From 2010, different initiatives have arisen such as the Colectivo Zona de Libertad, the Sabino Romero Social Center, the Temporally Autonomous Zone Mobile Library, the Libertarian Student Pedagogical Movement (MUPEL), the Anarkismo Guacareño group, the ARDA collective and the Lonely Mobile Library.

In 2011, the minor Federación Anarquista Revolucionaria de Venezuela (FARV) was formed. Unlike the CRA and El Libertario, the group took firmly pro-Boliviarian stances, stating that it supported the "Bolivarian process critically as radical militants of the Social revolution". Their ideas and principles were "based on the especifist trend within libertarian communism".

In his later years, the long-standing Marxist Domingo Alberto Rangel collaborated with the anarchist newspaper El Libertario, and in an interview in 2011 he stated that "the new paradigm is anarchism."

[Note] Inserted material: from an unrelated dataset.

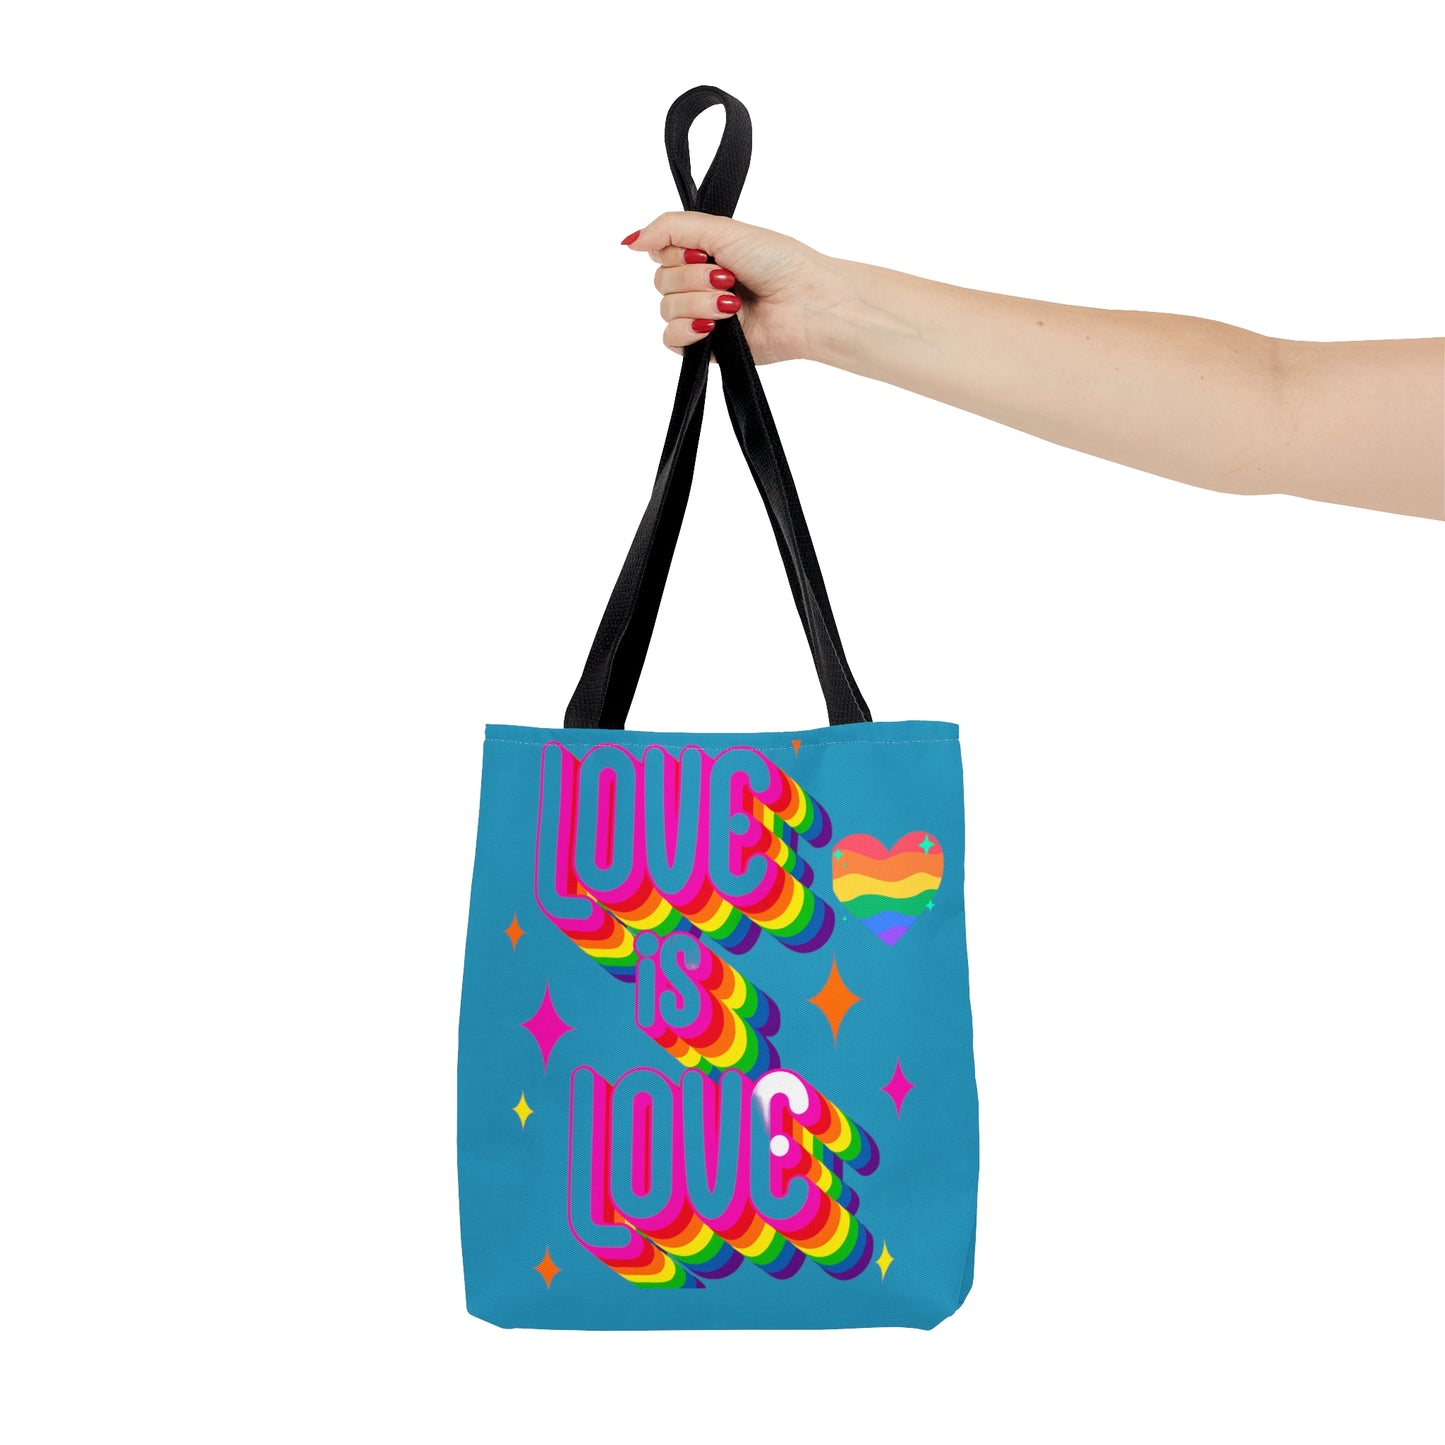 LOVE IS LOVE, full stop. Celebrate it with this colorful Tote Bag in 3 sizes to meet your needs.

During his adolescence, the Justice First party deputy Miguel Pizarro was an anarchist who "moved between readings by Bakunin and Kropotkin." As a high school student, he was the founder of Ni Casco Ni Uniforme ("No Helmet Nor Uniform"), an antimilitarist movement opposed to the government imposition of Pre-Military Instruction in secondary education. This fact would lead him to be expelled from the institution where he studied.

In October 2013, Chávez's successor, President Nicolás Maduro, accused unionist workers of the SIDOR steel company of being behind regional unemployment, denouncing them as "anarcho-syndicalist populists".